Cycling in Canberra, the capital city of Australia, is a popular means of transportation, sporting and recreational pastime. Commuting in the city is supported by an extensive network of urban cycleways and on-street bicycle lanes. As a city established in the 20th century, Canberra's development was heavily influenced by the automobile for much of its history. The popularity of cycling in the city has increased dramatically in the 21st century with growing awareness of environmental issues, government policy supporting active transport and investment in cycling infrastructure. This has led to the development of a strong cycling culture.

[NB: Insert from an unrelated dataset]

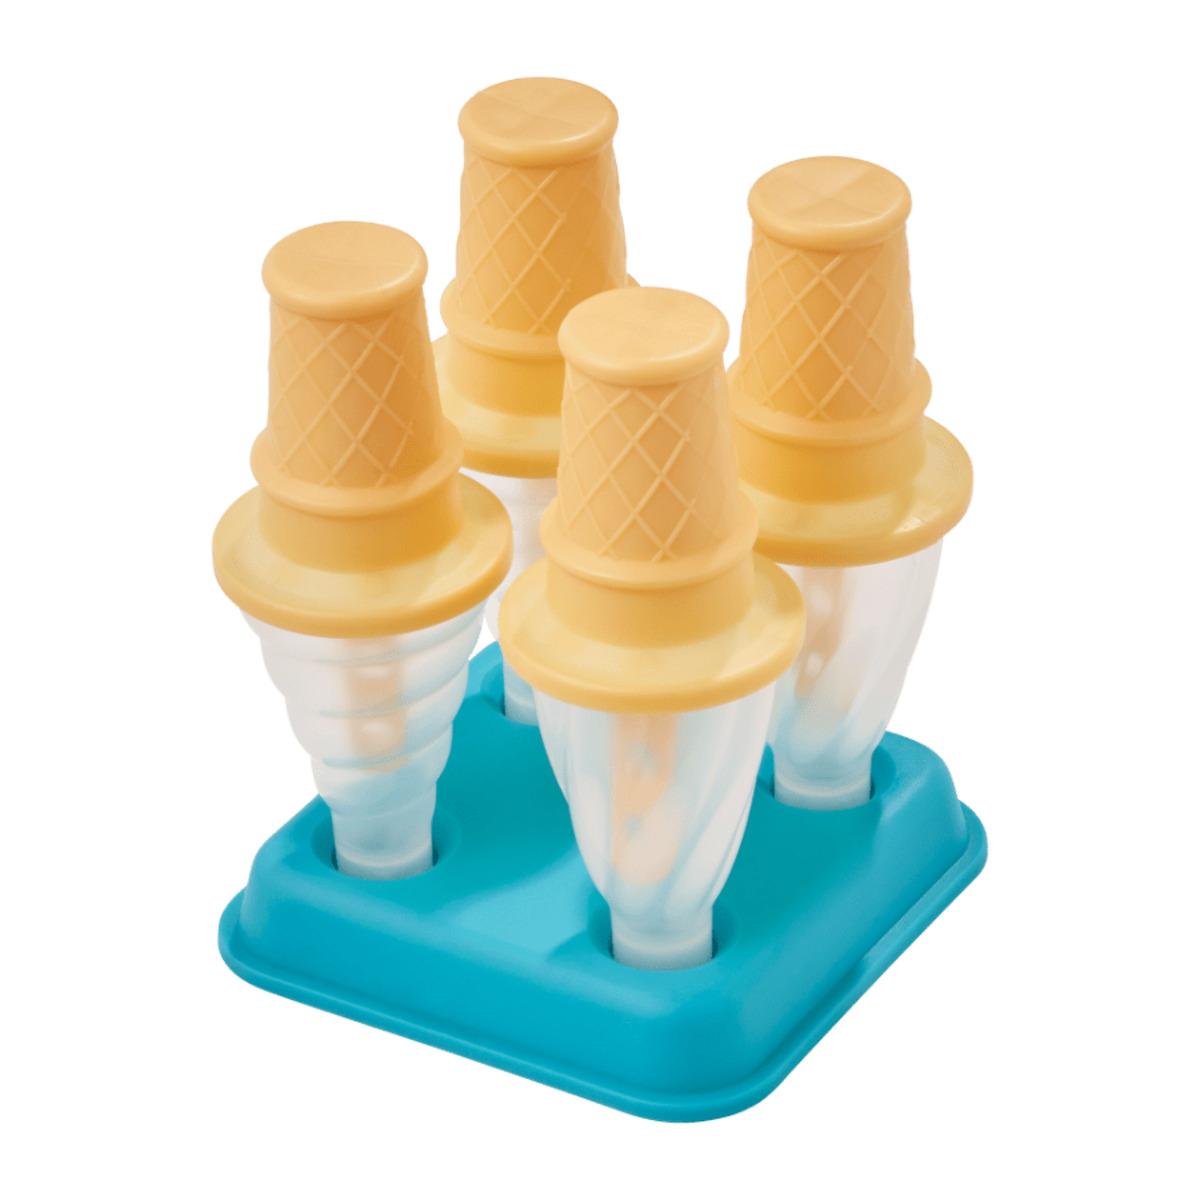 Bild 4 von HOME CREATION     Premium Eisformen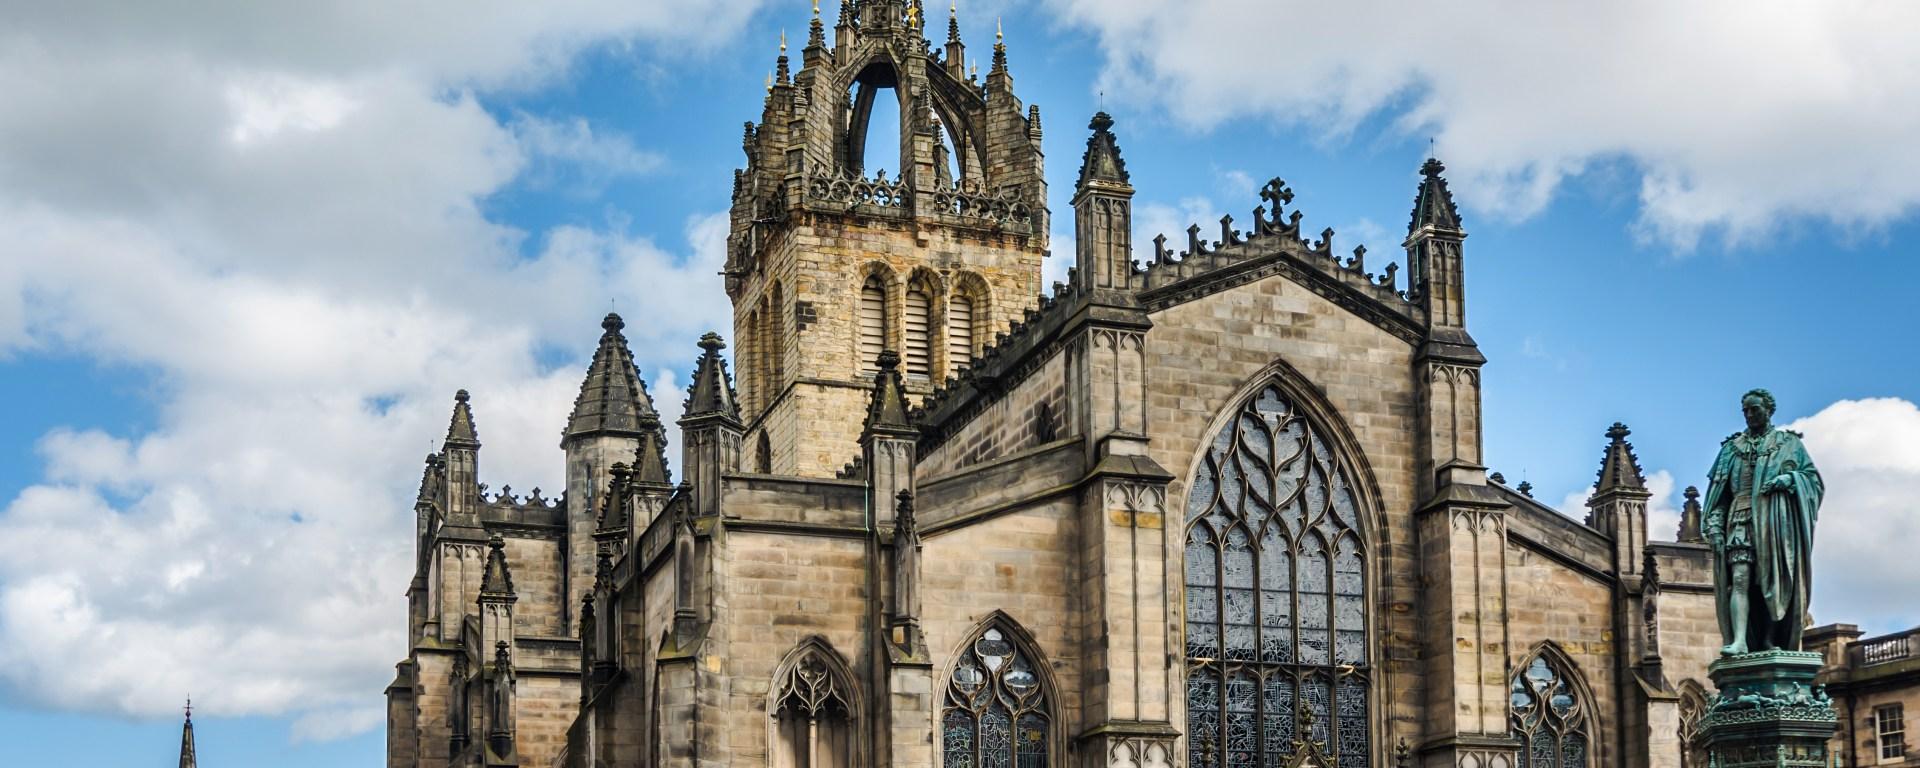 iskoçya edinburg St. Giles Katedrali

A relatively small city, Canberra has some of the highest rates of active transport in the country. Australian Bicycle Council research released in 2014 showed that more people in Canberra cycled than in any other Australian city or state, against a slight decline in the national participation rate, with 47% of residents reporting they had cycled at least once during the year. In 2019, Austroads data suggested as many as 93,700 residents cycled in a typical week, with 183,300 riding at least once per year. 57% of Canberra households owned at least one bicycle. Amongst regular cyclists, the main reasons for cycling were commuting to work or travelling for study, while those who rode less frequently were more likely to do so for recreation. The number of male cyclists in the city is significantly higher than females, although the participation rates for both are still higher than the national average.

As the location of the headquarters of the Australian Institute of Sport, many professional and elite-level cyclists live in Canberra, or travel to the city for training. The Australian Capital Territory and surrounding region is a popular destination for both on and off-road cycling, with the city hosting a number of national and international competitions across a variety of cycling disciplines. The Trek Bicycle Corporation's Australian headquarters is located in the Canberra suburb of Fyshwick, taking advantage of the cycle-friendly infrastructure and varied terrain offered by the many mountain biking trails throughout the Territory.

== History ==
=== 20th century ===
Cycling has been a popular recreational pastime in the Canberra region since before the city's foundation in 1913. The Queanbeyan Cycling Club was established in 1899 (located just across the present-day border with New South Wales). Additional cycling clubs were formed in Canberra and Kingston during the 1920s. By March 1927, the Canberra Cycling Club alone had over 90 members - at that time the population was just 6000.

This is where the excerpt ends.